Дедушка посмотрел на нее:

– Кто?

– Ну он. Тот, кто остался в номере. Человек, который называет себя Дьяволом.

– Мы такие, какие есть, и существуют вещи, которые определяют наше поведение. Можно лишь надеяться на уравновешенность, а она возникает тогда, когда сделан правильный выбор. У индейцев чероки есть одна притча, может, ты ее слышала. Про двух волков.

Ханна помотала головой.

– Там старик объясняет внуку, что в человеке всю жизнь идет свара двух волков. Один волк – плохой, он полон злобы, сожалений, зависти и тоски. А второй – хороший, и в его сердце живут доброта, надежда и сочувствие. Даже радость. Тогда внук спрашивает, какой из волков в конце концов победит. Старик внимательно смотрит на него и отвечает: «Тот, которого будешь кормить».

Поразмыслив, Ханна сказала:

– Не понимаю.

– Да, – печально вздохнул дедушка. – Этого почти никто не понимает.
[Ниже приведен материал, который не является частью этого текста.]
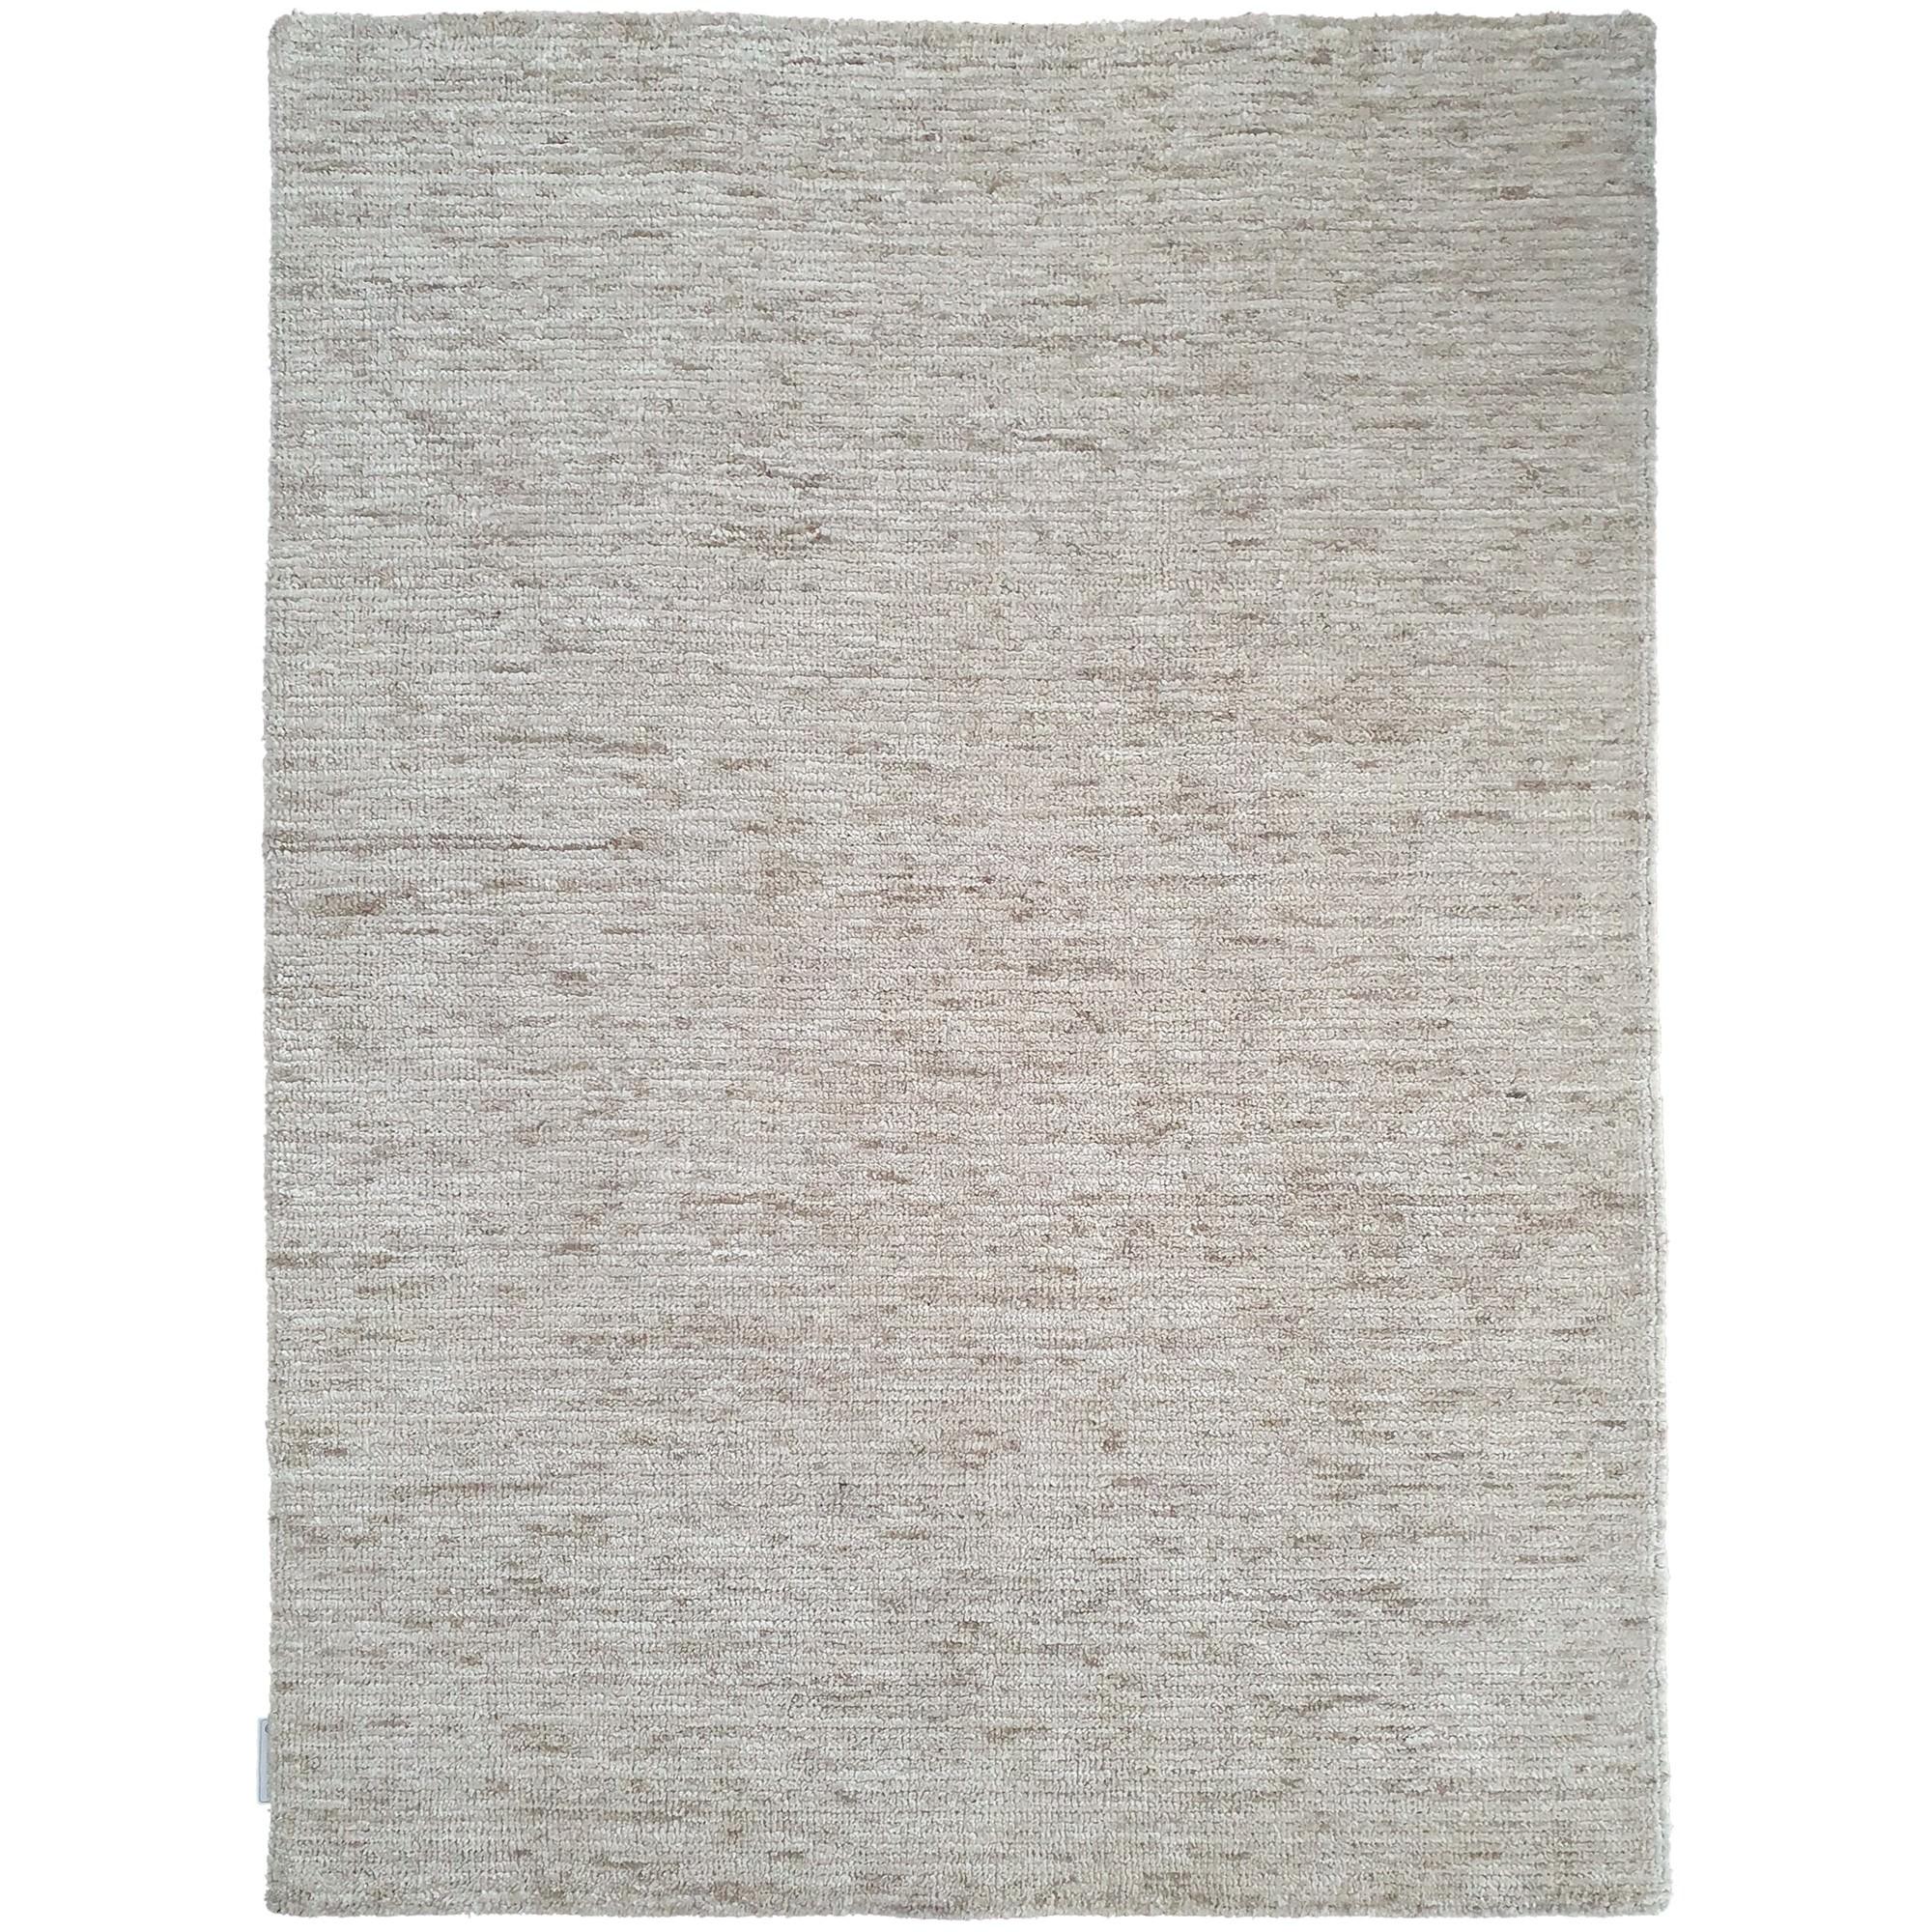 Ascot No.811 Handmade Wool Rug, 160x110cm, Caramel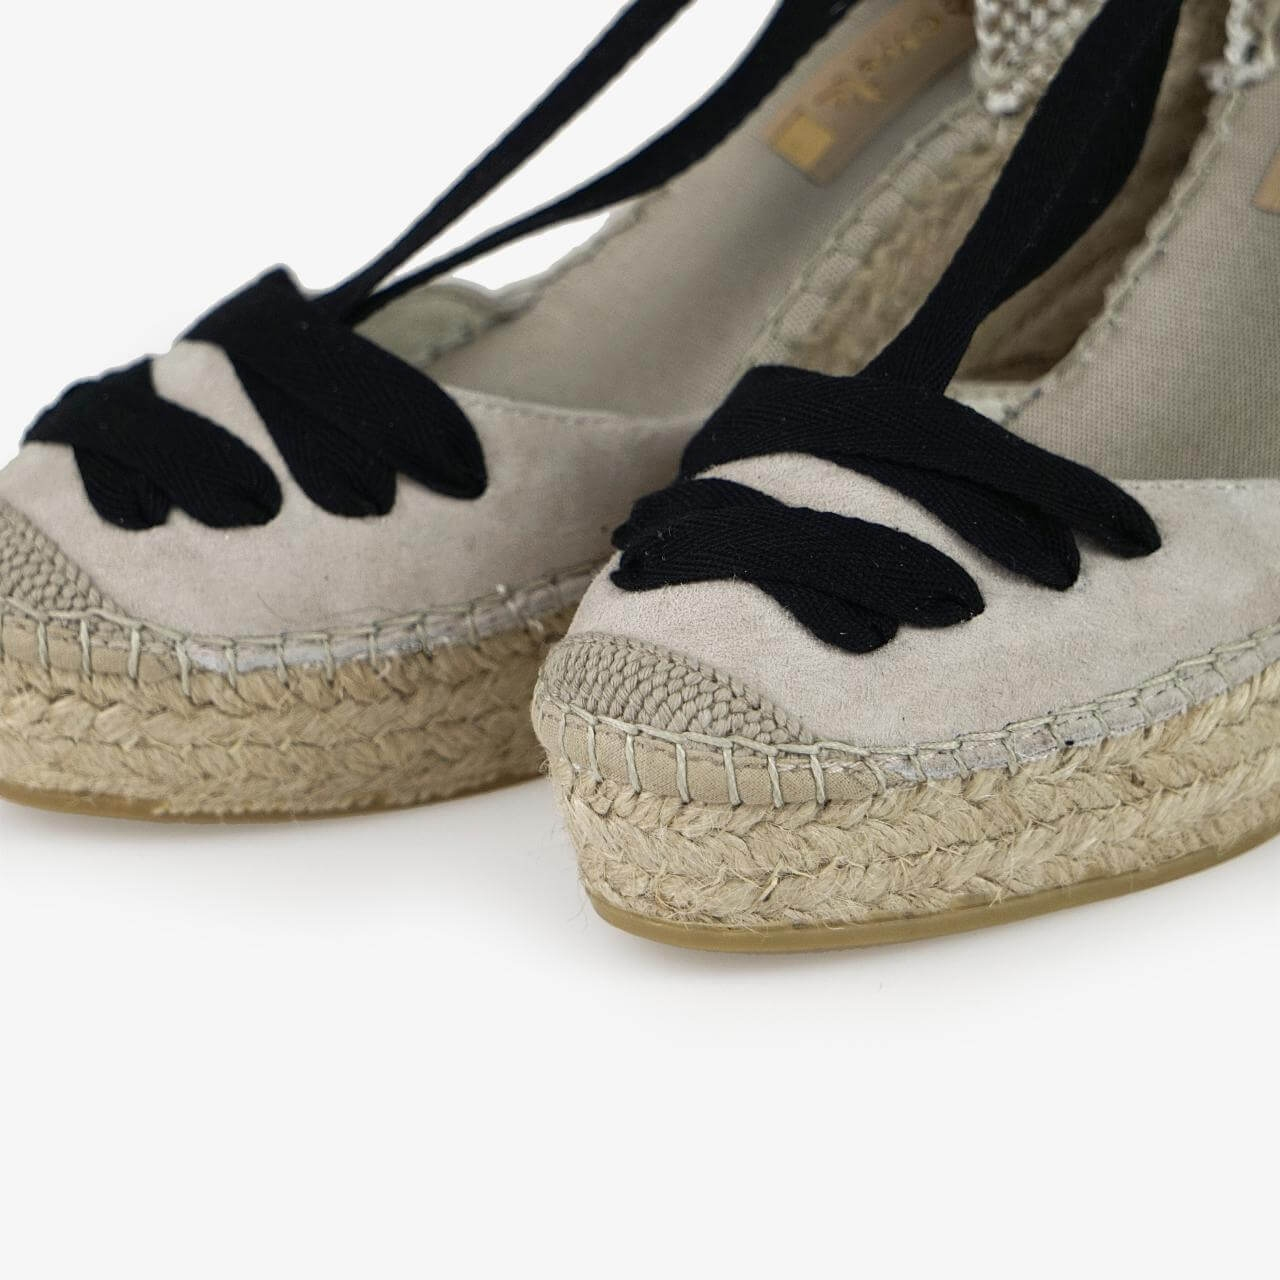 sandalias cuña - Ítem2

– А тебе правда двести пятьдесят лет?

– Нет, я гораздо старше, – с неожиданной бодростью ответил он, обрадовавшись смене темы. – Мне было почти семьдесят, когда я начал строить машину. Хотя, конечно, я себе льщу, когда думаю, что выгляжу всего на триста.

– А как это – быть таким старым?

– Не умирать – хорошо, но лучше бы он пришел ко мне в мастерскую, когда мне было, скажем, лет тридцать. Но тогда, наверное, мне не хватило бы опыта построить машину.

– А зачем мы здесь?

– Он хочет, чтобы я попробовал выяснить, отчего машина не работает как положено.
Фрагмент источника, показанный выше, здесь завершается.